What’s your workout routine like?
It really depends on what season I’m in, what meets are coming up. But I do weights three times a week, and then hot yoga two times a week, and then I train 10 times a week for two hours.
What are your top nutrition rules?
Making sure I’ m fueling my body in the best possible way. Nutrition in itself is its own form of training, because if I’m putting in all this work in the pool and then coming home and having a really unhealthy meal, I’m physically taking away all the work that I had done earlier in the day. It’s kind of frustrating for me when I tell people how much I train, and they say: Oh, then you can eat anything. I hear it so much. It’s just like: No, absolutely not. I eat multiple times a day with really healthy foods that I know are going to sustain my energy level and that are going to be full of protein so my muscles recover and so forth.

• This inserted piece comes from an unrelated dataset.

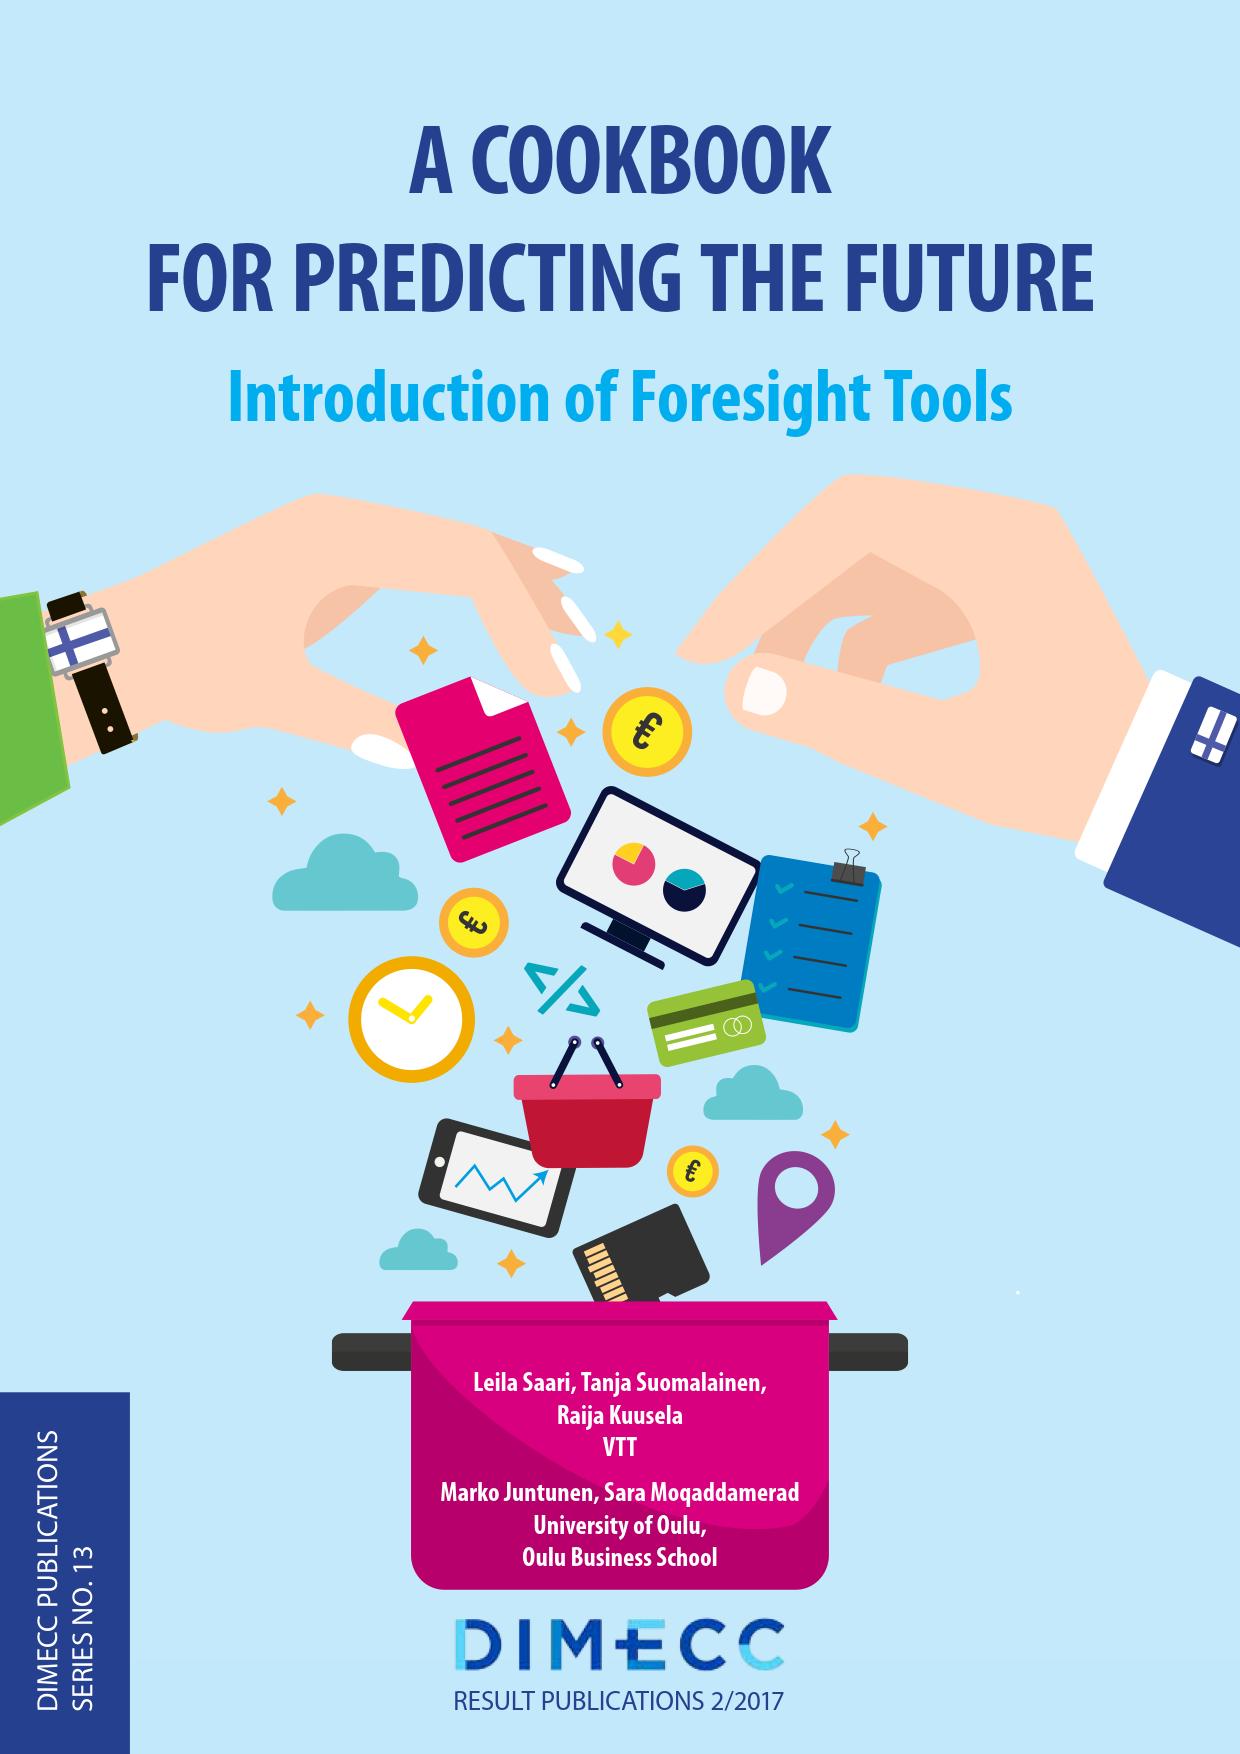 For Predicting The Future A Cookbook

What do you like most about Colorado?
I love the Rocky Mountains. I love the weather. I’m such a snow girl.
Do you ski?
I did, but I had to stop because it’s so easy to injure yourself. But the first thing I’m going to do after next summer is grab a pair of skis and go up on the slopes, because I miss it so much.
What are your goals for Rio next summer?
I really don’t have any right now. I’m actually not thinking about that quite yet. I have five or six more meets before that, so there’s a lot that I need to be focusing on right now. Because I’m a strong believer that if I put all my energy and focus into something that’s 10 months away, I’m really going to miss out on the opportunities that are right in front of me to learn and get better. And if I miss out on those, it’s really going to affect my performance. Whereas, if I’m present and focused on what I’m doing now, and that’s all I’m thinking about, the amount of improvement I’m going to have before I get to the big goal is going to be so much better than if all I’m focusing on is that.
Are kids and marriage anywhere in your future?
Oh my gosh, absolutely. Anyone who knows me knows that. I think my two greatest successes, no three, in life are going to be being a good daughter, being a good wife, and being a good mom. That for me is just like the perfect trifecta.